Ora, a oposição entre sensível e inteligível é insustentável, como já havia notado o velho e bom Kant. Surpreende que, embora evocando o filósofo, Sartori omita o argumento fundamental deste, na Crítica da Razão Pura, de que o conhecimento é resultante precisamente da junção de intelecto e sentidos, e não da sua separação. A conclusão kantiana não poderia ser mais cristalina: sem sensibilidade, nenhum objeto nos seria dado; sem intelecto, nenhum seria pensado. Nenhuma dessas faculdades ou capacidades, adverte Kant, deve ser preferida em detrimento da outra. Em poucas palavras, existe uma complementaridade entre intelecto e sensibilidade — faculdades distintas por natureza, mas não opostas —, já que ambos concorrem para a formação do conhecimento. Ao que parece, portanto, Sartori retorna a um idealismo pré-kantiano. Vislumbrará ele uma "idéia pura", não "contaminada" pelos sentidos? A idéia, a que ele atribui tanto peso, é vazia, sem conteúdo, se deixada a si própria, quer dizer, sem contato com o mundo empírico, que percebemos através dos sentidos, particularmente da visão.

Mas não se negue que algumas inquietações do politólogo italiano dão o que pensar. Por certo, uma criança ou adolescente que, na maior parte de seu tempo, apenas consome imagens da TV, não se destacará pelo brilho do intelecto, considerando-se o que as redes oferecem a essa faixa etária (a começar pelo imbecilizante estilo MTV) e aos telespectadores em geral: programas de fofocas e baixarias, violência, misticismo etc. A experiência demonstra, de fato, que o jovem que lê e estuda mais — sem por isso abolir a televisão, o cinema ou o computador — tem maior chance de sucesso em seus objetivos na concorrência com os demais. É reconhecido que a leitura favorece, mais que outros meios, a capacidade de abstração e o domínio de conceitos. Persiste, porém, a dúvida em relação ao exemplo citado: a "culpa" será da TV, ou a família e a escola é que fracassaram?

O caminho mais razoável parece ser — contrariamente à embaçada visão de Sartori — o do equilíbrio: nem só imagem, nem só escrita; nem só sensibilidade, nem só intelecto. A busca desse difícil equilíbrio, contudo, é tarefa que diz respeito mais à família e à escola do que à televisão (cujo aparelho receptor dispõe, afinal, de um botão para desligar). O sociólogo reconhece que é preciso reagir "mediante a escola e na escola", mas recrimina a tendência de "encher as classes de televisores e word processors" (e aqui ele parece confundir monitor de computador com televisor). Sua sugestão? Simplesmente proibi-los — "deixando-os somente para o treinamento técnico, como se poderia fazer com um curso de datilografia"!

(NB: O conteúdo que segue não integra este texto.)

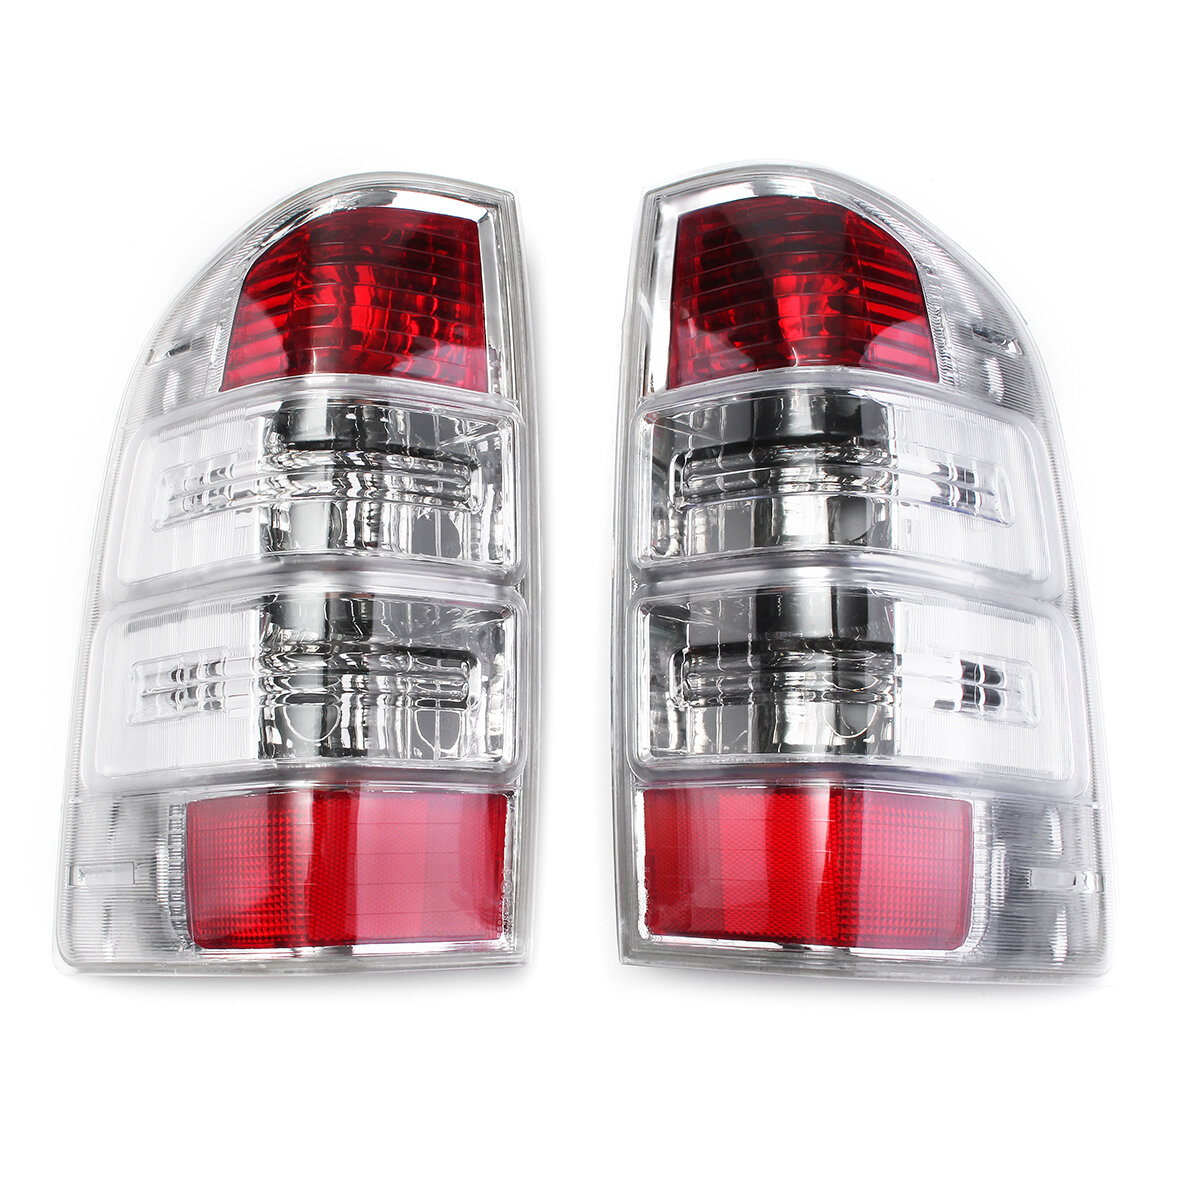 Car Left/Right Rear Tail Light Assembly Lamp with No Bulb for Ford Ranger Pickup Ute 2008-2011

De resto, nada há de propositivo no opúsculo de Sartori, que enfatiza apenas os aspectos negativos da televisão, atitude semelhante, aliás, à adotada pelos teóricos críticos frankfurtianos em relação à "indústria cultural". Trata-se, enfim, de um texto que não está à altura das demais obras do autor, que já produziu um estudo clássico como Teoria da democracia (a Editora Ática lançou, em 1994, dois volumes de Teoria da democracia revisitada). Lamentavelmente, Homo videns está mais para o conservadorismo rançoso que para o liberalismo civilizado.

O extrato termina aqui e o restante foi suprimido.